Поезд подходит к перрону. На паровозе, впереди, - две вырезанные из меди цифры, каждая по метру высотой, и между ними буква: «5 в 4». Цифры с буквой промелькнули мимо, загрохотали колеса вагонов, зашипели тормоза. Поезд остановился - на паровозе тотчас заработал насос: пф-пф!.. пф-пф!.. пф-пф!..

С одной из вагонных подножек спрыгнул молодой человек с чемоданом в руке. Тряхнув головой, он откинул назад длинные черные волосы и посмотрел по сторонам. Пошел, как и другие пассажиры, к калитке, где выход с перрона. По дороге продолжал поглядывать на все его здесь окружающее с каким-то особенным, явным удовольствием.

На нем голубая рубашка с запонками, но без галстука и воротничка, брюки галифе и сапоги, начищенные до сияния. Сапоги новые - поскрипывают при каждом шаге. Походка его упруга, легка.

Выйдя на площадь за зданием вокзала, он увидел кого-то вдалеке и крикнул:

- Танцюра! Васька!

Посреди площади, возле небольшого круглого сквера, стояла обыкновенная телега с лошадью. Оттуда, навстречу приехавшему, бросился другой молодой человек, плечистый, с красным лицом и светлыми бровями - на вид ему было лет двадцать пять или даже несколько больше.

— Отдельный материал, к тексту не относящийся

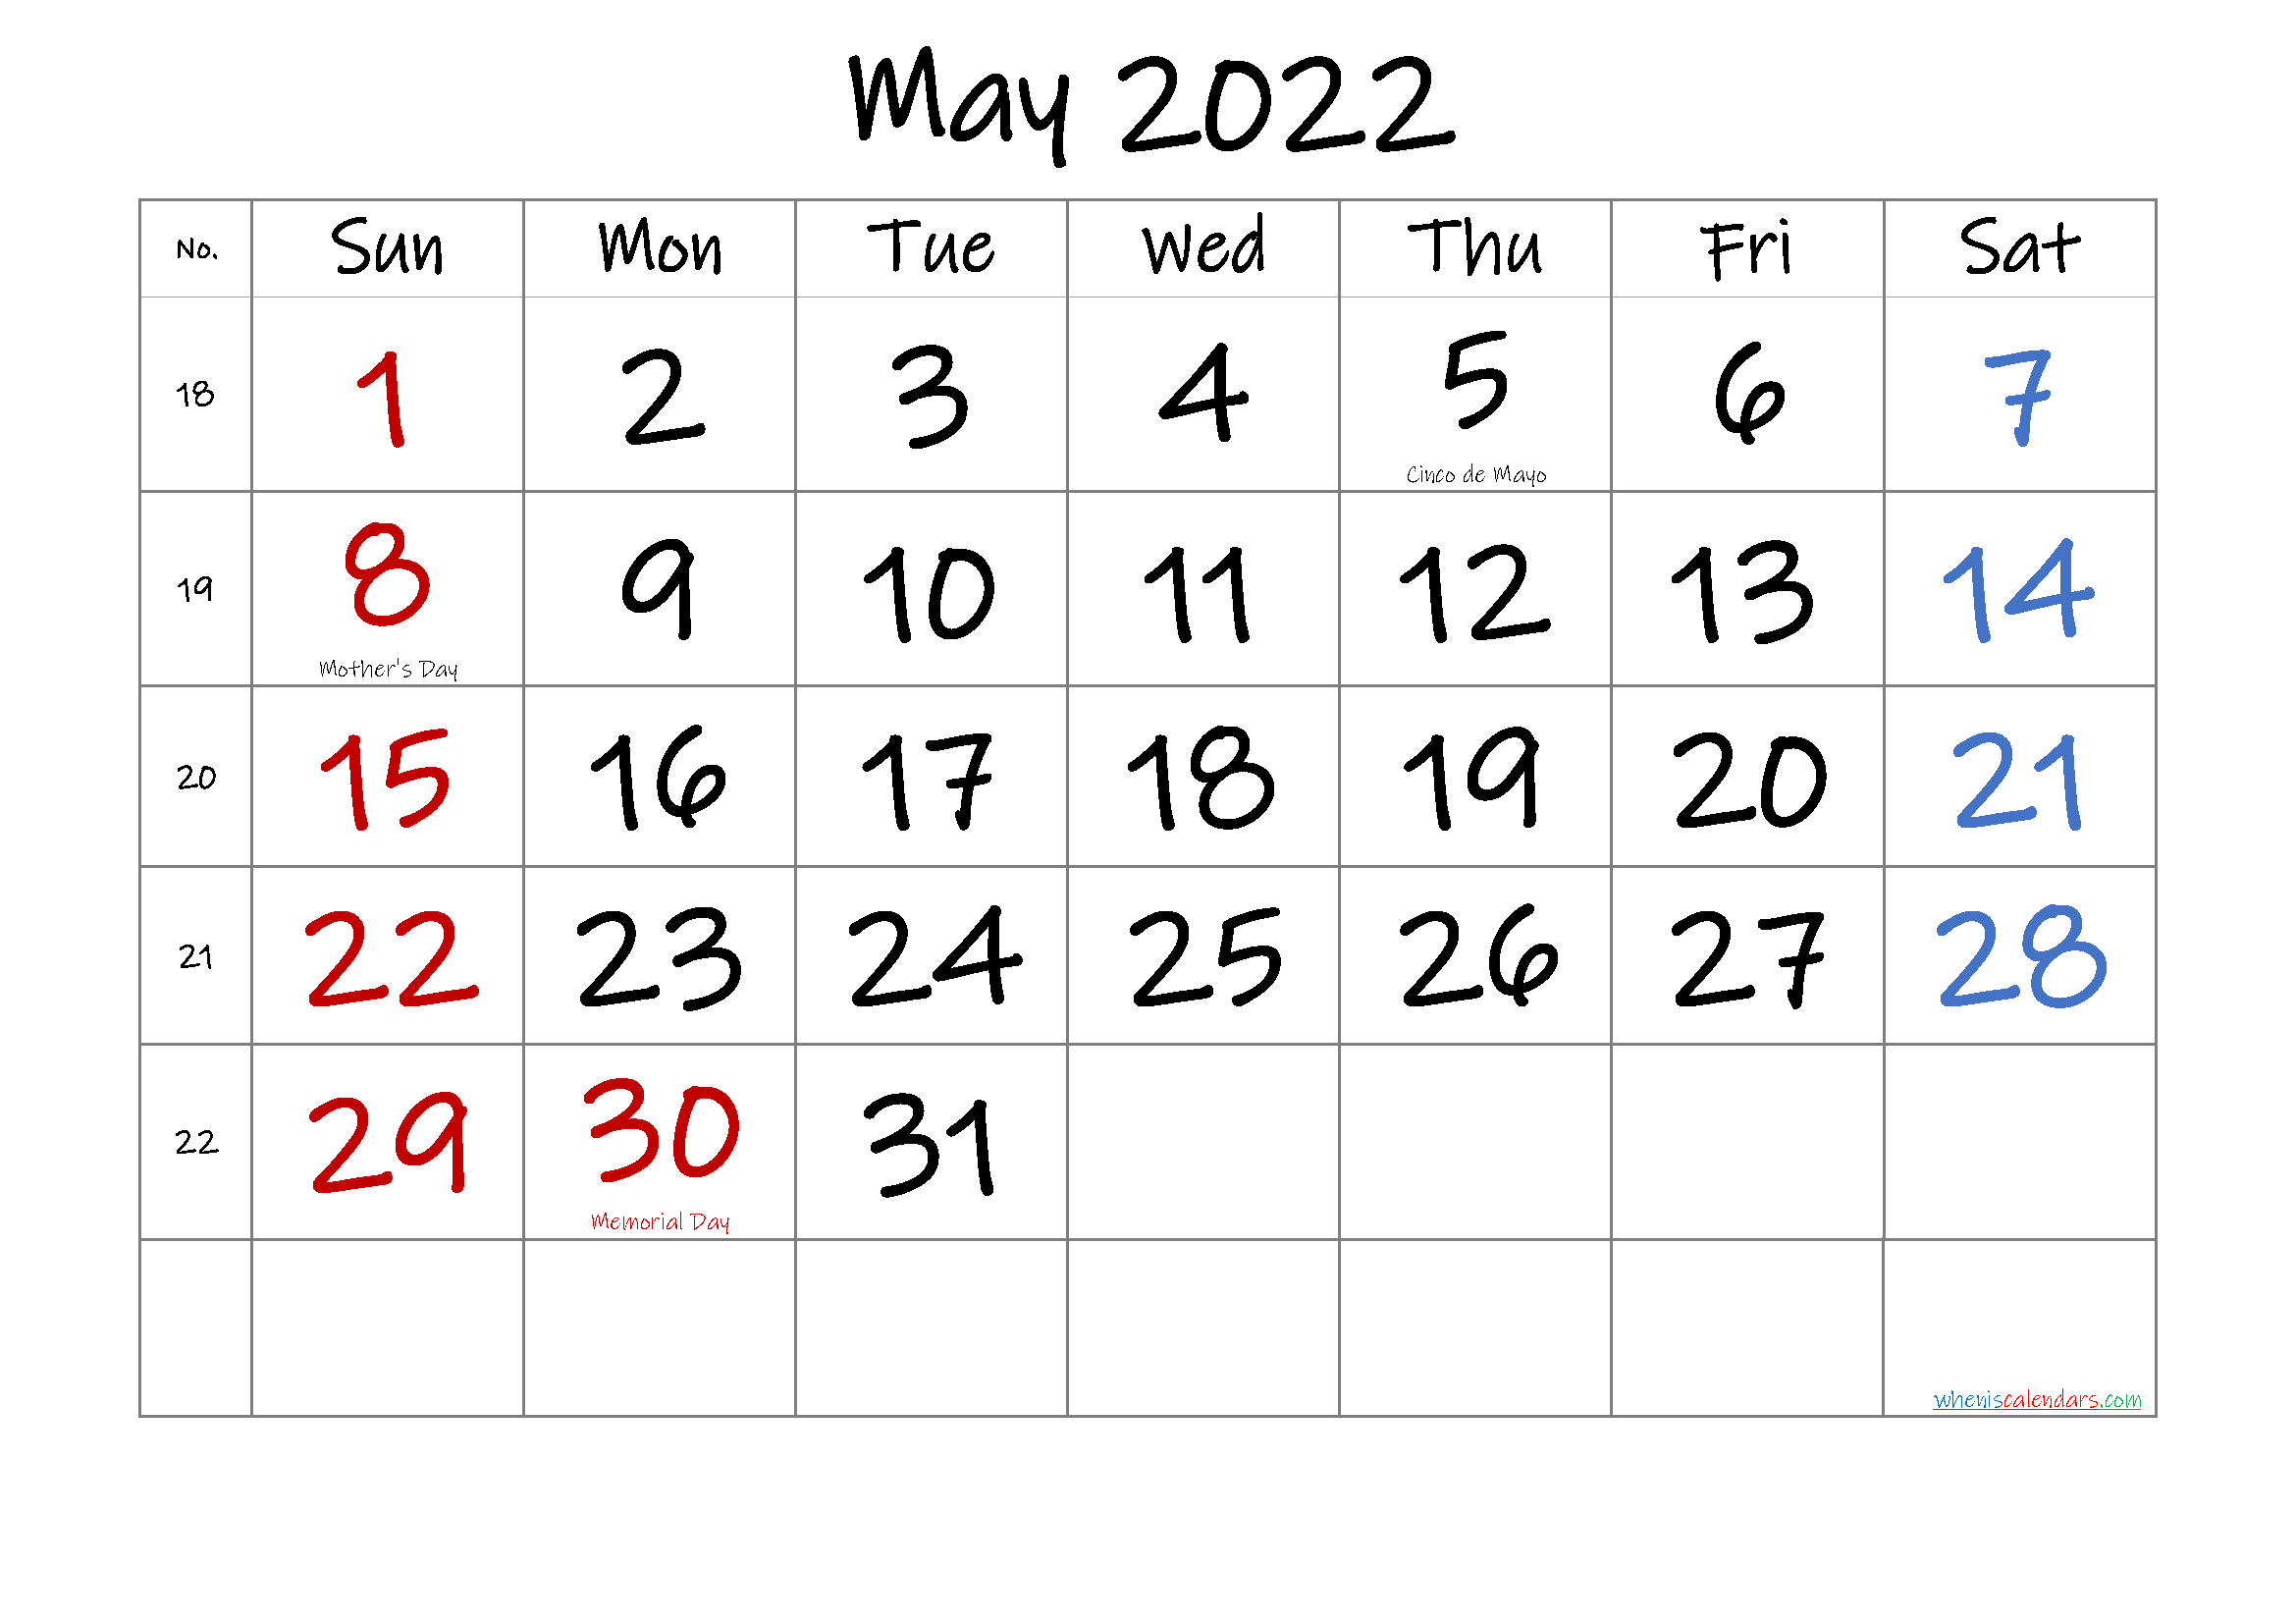 May 2022 Printable Calendar With Holidays   Free Printable regarding Printable Calendar Month May 2022 Graphics

Так встретились старые приятели.

- Ох ты, черт возьми, какой стал! - негромко пробасил Танцюра и всплеснул руками в шутку. - Ну, Петька, здорово! Чемодан твой давай на телегу… Я уж раззвонил, что Шаповалов едет. Все тебя ждут. Как раз и Данилка тут, Захарченко, на руднике…

Они сели рядом. Телега, грохоча по мостовой, покатилась из железнодорожного поселка в степь.

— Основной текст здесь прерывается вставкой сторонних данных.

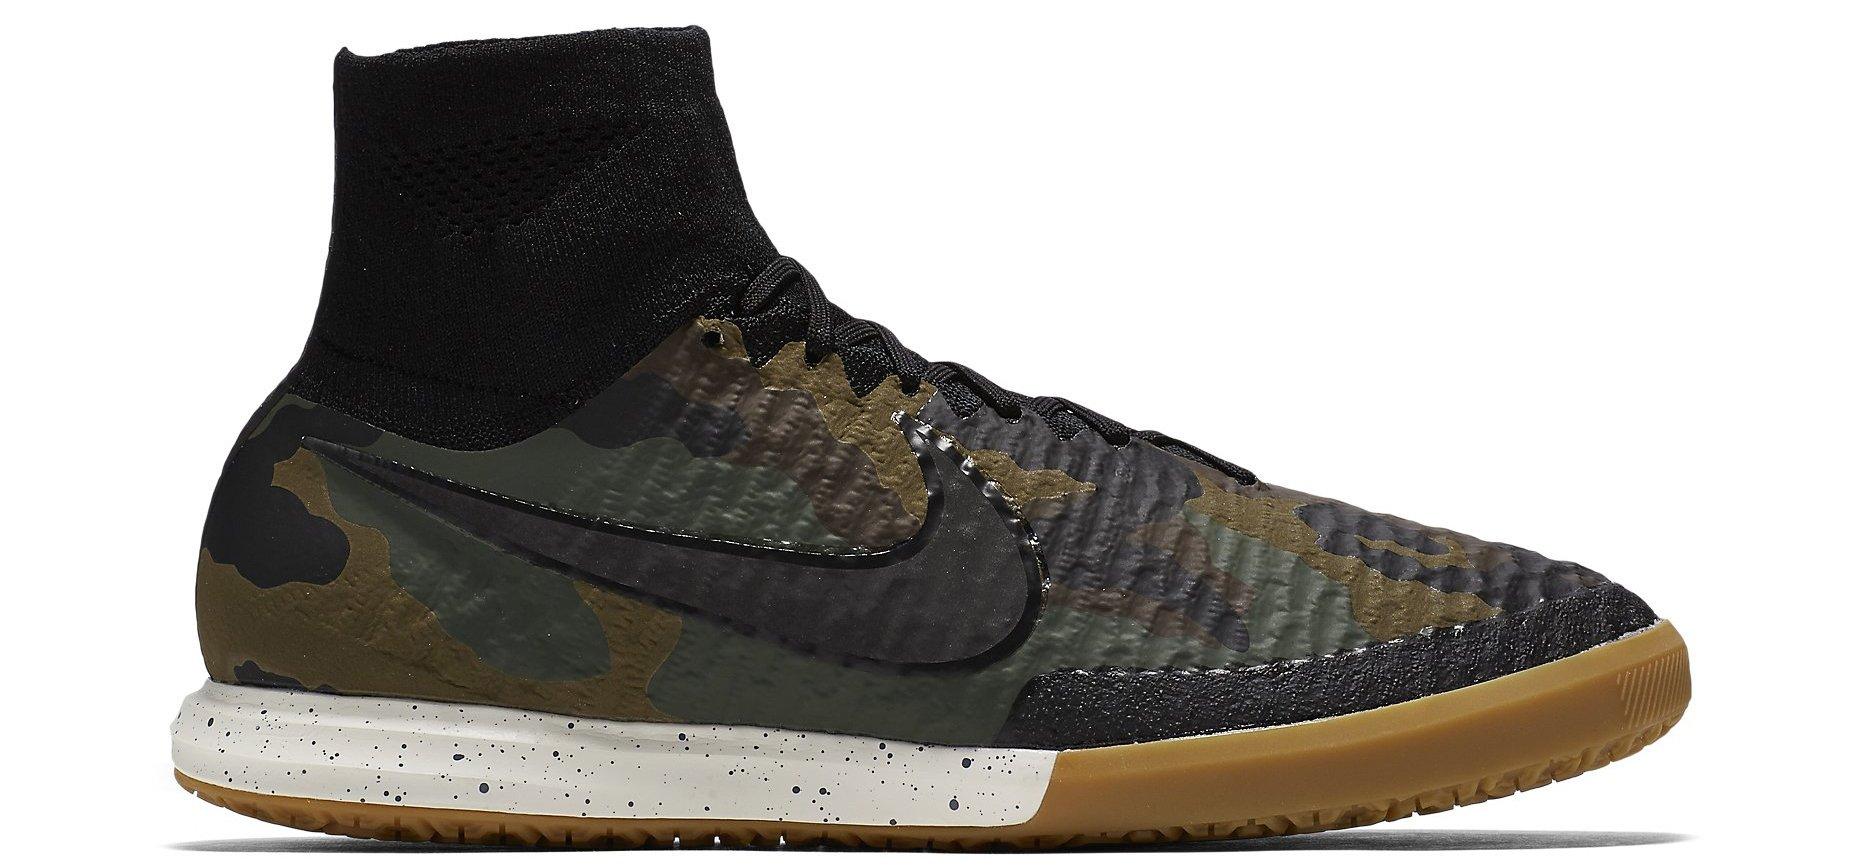 Sálovky Nike MAGISTAX PROXIMO SE IC

- Чтоб их, не дали бричку на конном дворе… - будто извиняясь, проворчал Танцюра. И тотчас же спросил, оглядывая Шаповалова: - А ты окончил вот рабфак, и дальше что? Еще учиться думаешь?

- Да собираюсь, - ответил Шаповалов.

- Куда?

- Послушай, Вася, ты писал - ты тоже поступил на курсы. Какие курсы?

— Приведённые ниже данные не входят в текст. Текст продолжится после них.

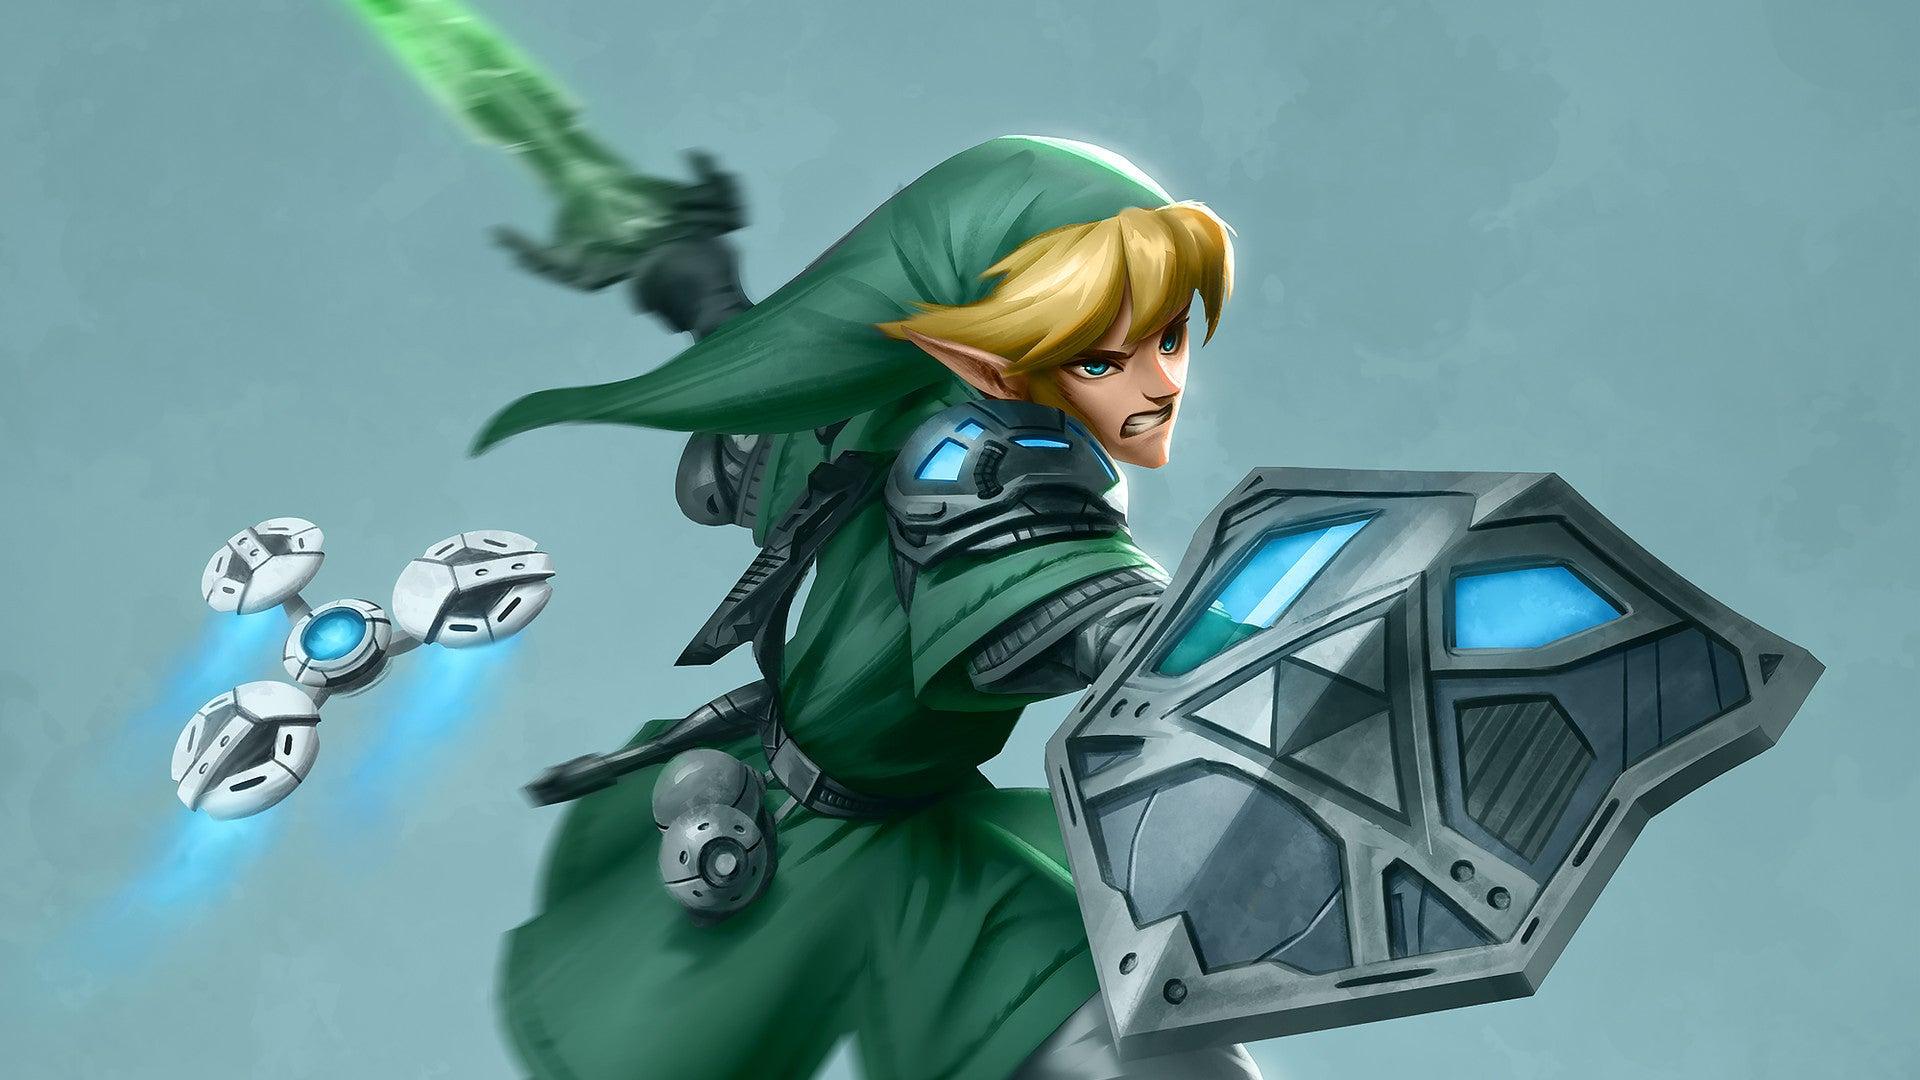 art character-art dayshot fanart link sci-fi scifi zelda

- Знаешь, врубовые машины скоро привезут. Так я решил на врубовку податься, в машинисты.

- Интересно! А ты ее видел, какая она? Мне не приходилось…

- Кто?

- Да эта машина. Врубовка.

Показав куда-то в сторону поворотом головы, Танцюра, точно мимоходом, бросил, что на номере Семь-бис есть одна машина; пока одна - это им для практики прислали.

Шаповалов с острым любопытством обернулся. В степи, где раньше ничего не было, чуть правее «Магдалины», он увидел городок временных деревянных построек.

- Смотри ты! - воскликнул он. - Тут и будет шахта Семь-бис?

- Семь-бис, ага. По последнему слову техники, шахта-гигант…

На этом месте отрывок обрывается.